Wow! First, I think most people on here use PDF as their electronic document. There are literally hundreds of PDF converters both to PDF and PDF to Word. Adobe is still the best but expensive. Some of the free ones however have features that Adobe doesn't have. Let's address some of your work flow. That is way too much for you to be doing. I, like Grenville, don't completely get your situation but here are some tips.
I too have my staff fax a lot of my documents. And, printing your letters to PDF helps with archiving as the letter stays intact. But, you could consider that this adds work as you have to convert to PDF, then have your nurse combine them. If you have PC to Fax, that could be done in one step. But, you would need a fax server and a good address book. So either way.
#1 Before AC, what did you do for your HPI documentation? How was it faster?

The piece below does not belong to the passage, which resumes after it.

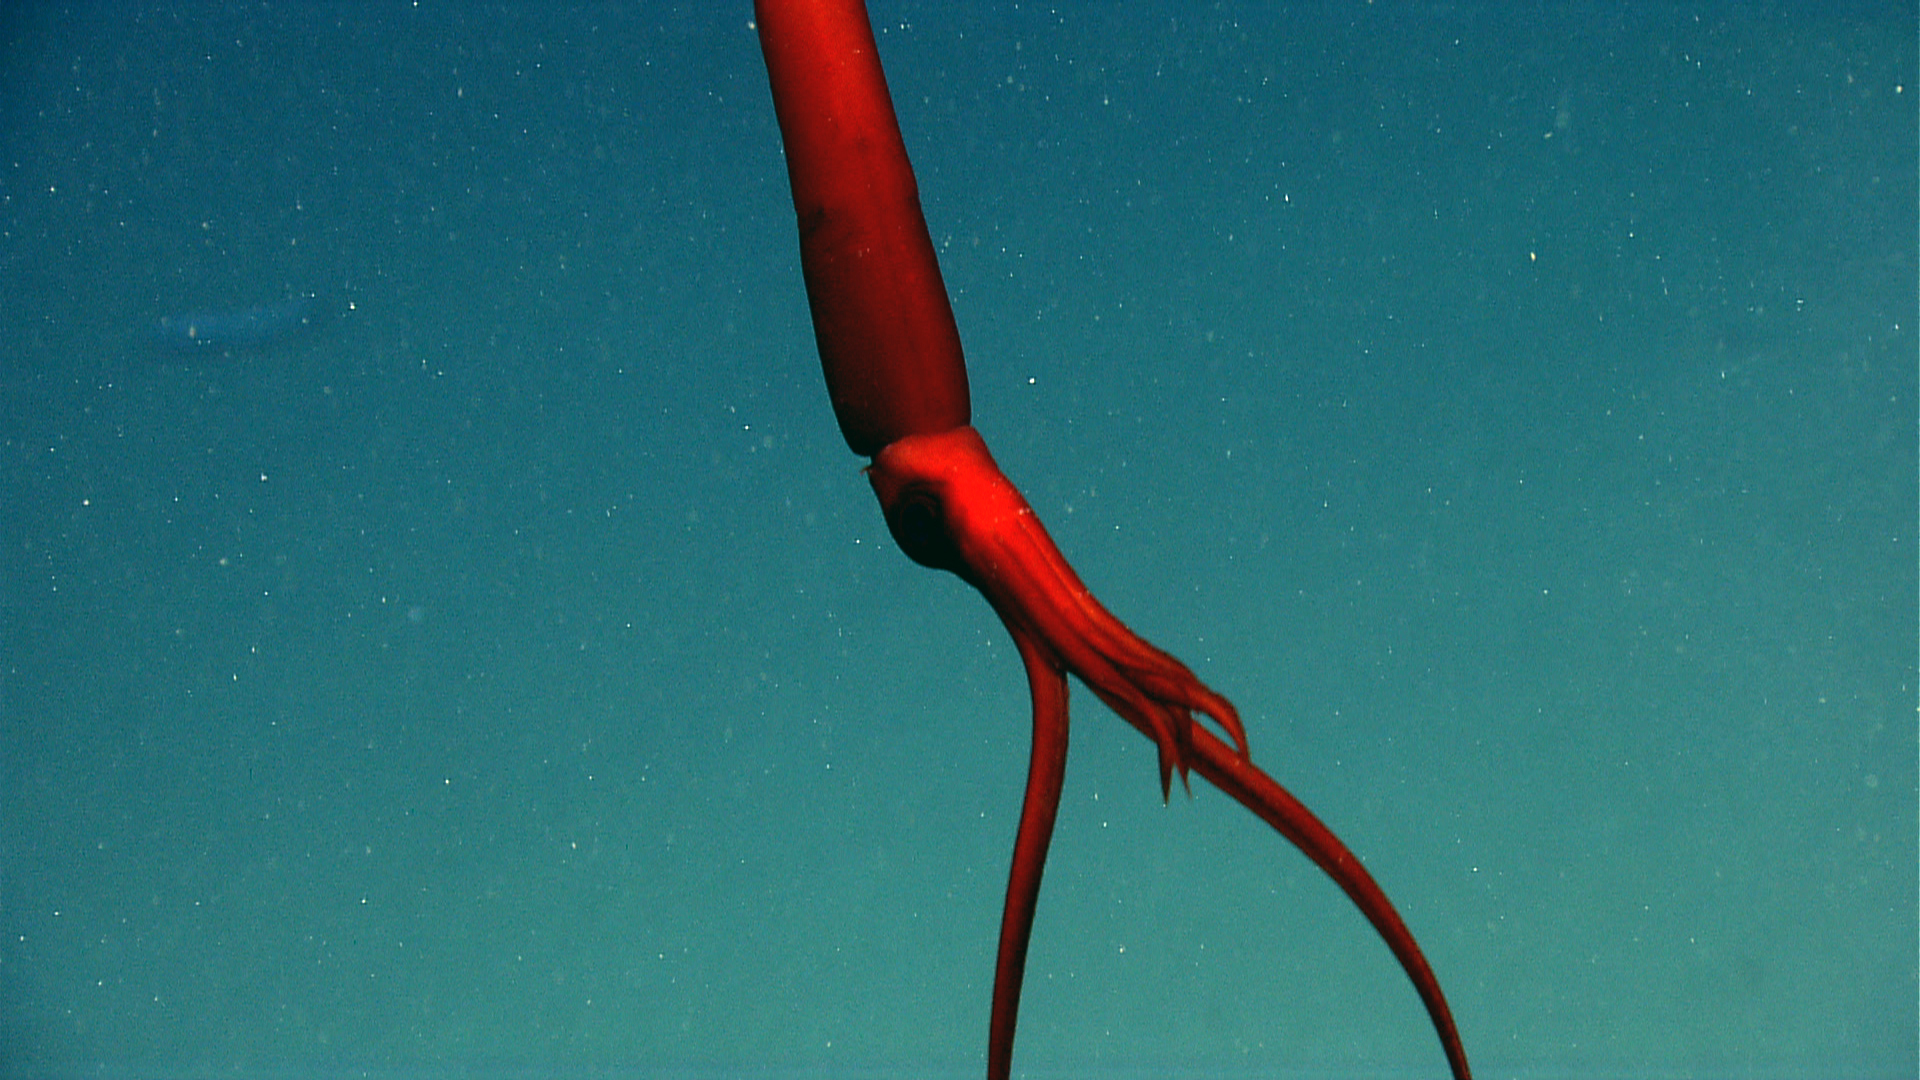 This striking deep-sea squid was photographed in what is called a “tuning fork” position, with each tentacle held rigid to catch its prey.

#2 I guess every place is different. Our lab and xray department doesn't ask for ICD-9 codes. I always use the other section and templates and not the rigid sections of the lab and x-ray section. Takes way too much time. I just type out what I want and print it. Unfortunately, unlike all of the other versions, I have to write in the diagnosis, but I am not going to waste all of my time looking up silly ICD-9 codes.
Why do you have to know what lab facility? Can't the patient take on that responsibility? If not, can't your staff help them? You shouldn't have to look that up.
Do they need a universal form? I bet your receptionist who does your referrals would know that.
3. Medication renewals - ePrescribe. But, I haven't done a medication renewal in months. My nurse does that. I just check them. I still don't understand why your staff isn't doing the referrals and preop consults. You may need to type a letter.
For a signature, make a TRANSLUCENT signature and add it to Adobe or other PDF as a stamp. But, it has to be translucent if you want it to look authentic. AC has the ability to add a stamp automatically, but it's more difficult to do the translucent stamp.
As far as your staff doing your reqs and letters, I would suggest what we have been doing for four or five years. Go into admin and edit the users. Set their username and password and their level, but that should be all of their info, no more. In the name section at the top, you should put the same info that you have in yours. What good does it do to put theirs? It just means their names go at the bottom of everything. We put my name and all of the medical demographic information in as well. This way your name always appears at the bottom. Before ePrescribe when we faxed from the desktop, pharmacies wouldn't accept electronic signatures. So, we changed my first name to:
Digitally signed by Bert, and made the last name Adams. So, it came out: Digitally signed by Bert Adams, M.D. Suddenly all 45 pharmacies who wouldn't take electronic signature, accepted the other. It looks a little strange on the bottom of the letter, but who cares.
Almost everything you mentioned above can be done by your staff. For me, it is easier to just print out the labs and hand them to the patient. By the way, my MA does the HPI as well. I do read it and edit and add.
I wouldn't give up on UpDox, though.